# Men's Hair Loss > Coping with Hair Loss in Everyday Life >  Has anyone ever heard of Xtrands?

## Kansas

Just curious as to personal experiences with this product and price.  Thanks!

http://www.hairclub.com/xtrands-thin-hair

----------


## bubbatan

Hey Kansas, it looks like a good option but like all hair thickening products, it needs looking into for maintenance and tolerance considerations.

----------


## Kansas

Wonder if anyone has tried these?

----------


## sarahjee

hey friend I  am also curious about the Xtrands, what is that actually ?  I would like to know more about it...

----------


## Odam

Xtrands is the latest and greatest non-invasive volumising solution to maximise thickness and fullness, using your own existing hair. Add multiple strands to each of your own hairs creating more volume and intensity. No pesky glues, adhesives, clips or links are used. Xtrands can help you achieve natural results and instant volume, in addition to hassle-free maintenance. Using this technique you will get immediate, natural and lasting results. It is not permanent and will have to be reapplied relatively frequently in order to maintain the same volume and thickness.

----------


## jamesst11

Obviously you are promoting the company,  but I have a couple questions:
1) how much does it cost
2) HOW do you attach the hairs and is it detrimental to the hair follicle to continually be doing this?  Also, how is it attached, as to ensure that it won't fall off?
3) WHERE is it attached, at the very base of the hair shaft I assume, and if so then,
4) won't it be detectable after your hair grows the slightest? To see one hair sprouting from scalp and then another hair or two branching off of it? 
5) Are you attaching REAL hair?

thanks

----------


## Sherlene

Unfortunately I have.  I thought it sounded like a great way to cover some areas that are thinning.  I have had 3 appointments now and should have somewhere around 1500 added hairs.  They do not stay attached to my hair and I bet out of the 1500 maybe I might have 100 left.  Which is a generous count.  The cost is close to $4,000.  I asked repeatedly about maintenance and that questions was skated around every time.  Now I know why.  For monthly maintenance adding 500 hairs it is $399.00 per month.  For 1,000 hairs it is $499.00 per month.  I would advise anyone thinking about Xtands to consider it very carefully.

----------


## Kansas

Wow!
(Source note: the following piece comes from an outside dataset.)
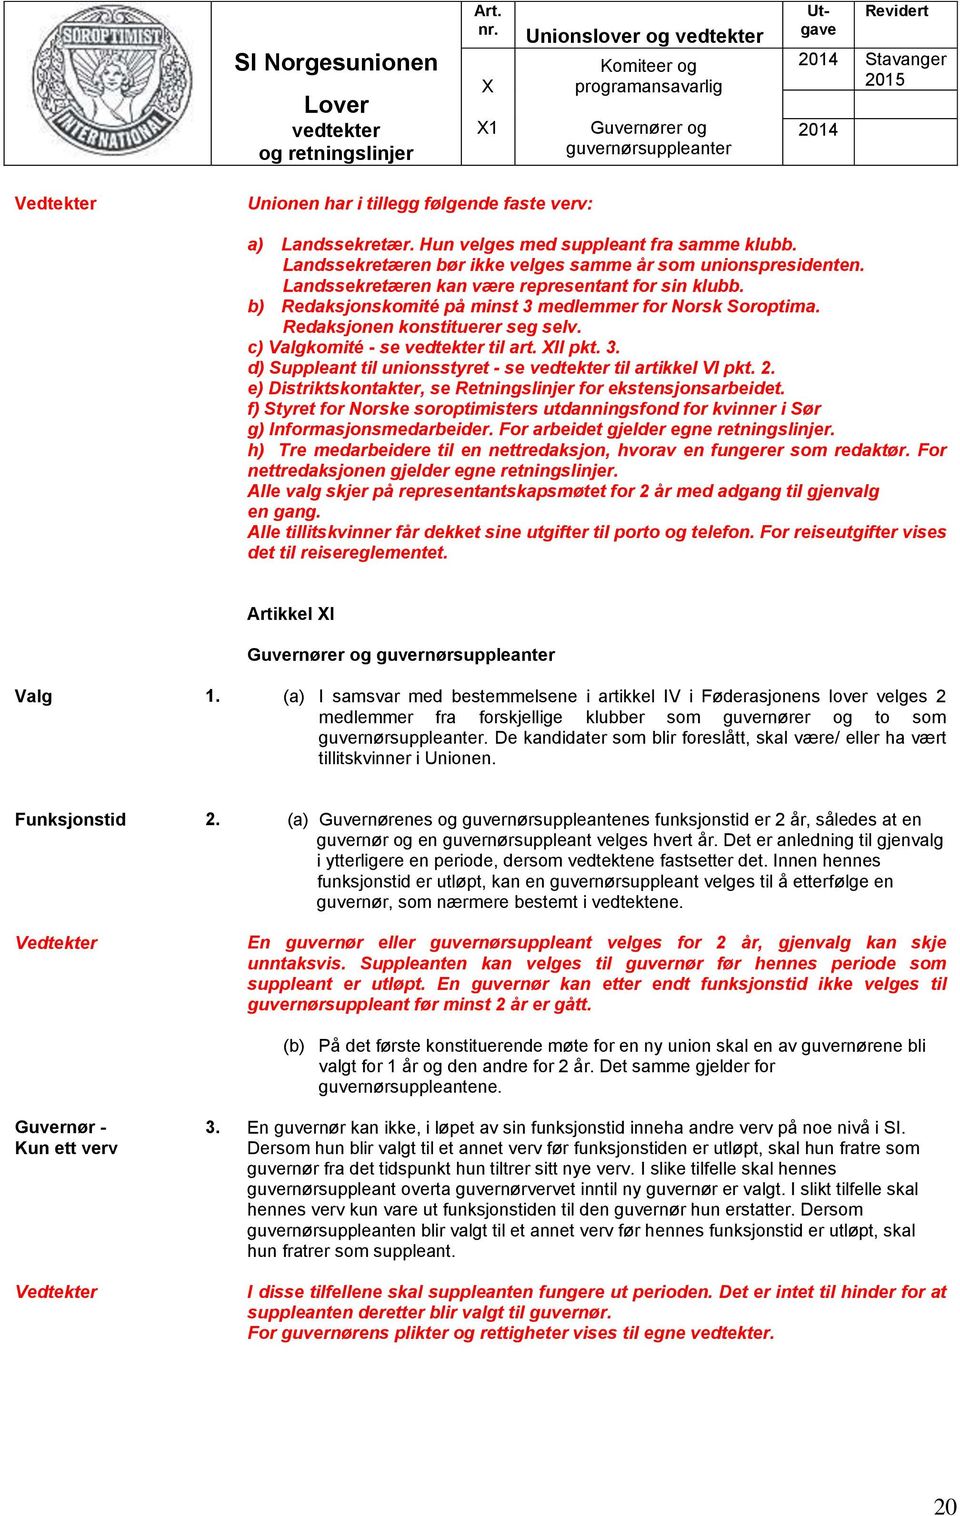 b) Redaksjonskomité på minst 3 medlemmer for Norsk Soroptima. Redaksjonen konstituerer seg selv. c) Valgkomité - se til art. XII pkt. 3. d) Suppleant til unionsstyret - se til artikkel VI pkt. 2.

Thanks for the heads up!

----------


## Cuba2003

> Unfortunately I have.  I thought it sounded like a great way to cover some areas that are thinning.  I have had 3 appointments now and should have somewhere around 1500 added hairs.  They do not stay attached to my hair and I bet out of the 1500 maybe I might have 100 left.  Which is a generous count.  The cost is close to $4,000.  I asked repeatedly about maintenance and that questions was skated around every time.  Now I know why.  For monthly maintenance adding 500 hairs it is $399.00 per month.  For 1 ,000 hairs it is $499.00 per month.  I would advise anyone thinking about Xtands to consider it very carefully.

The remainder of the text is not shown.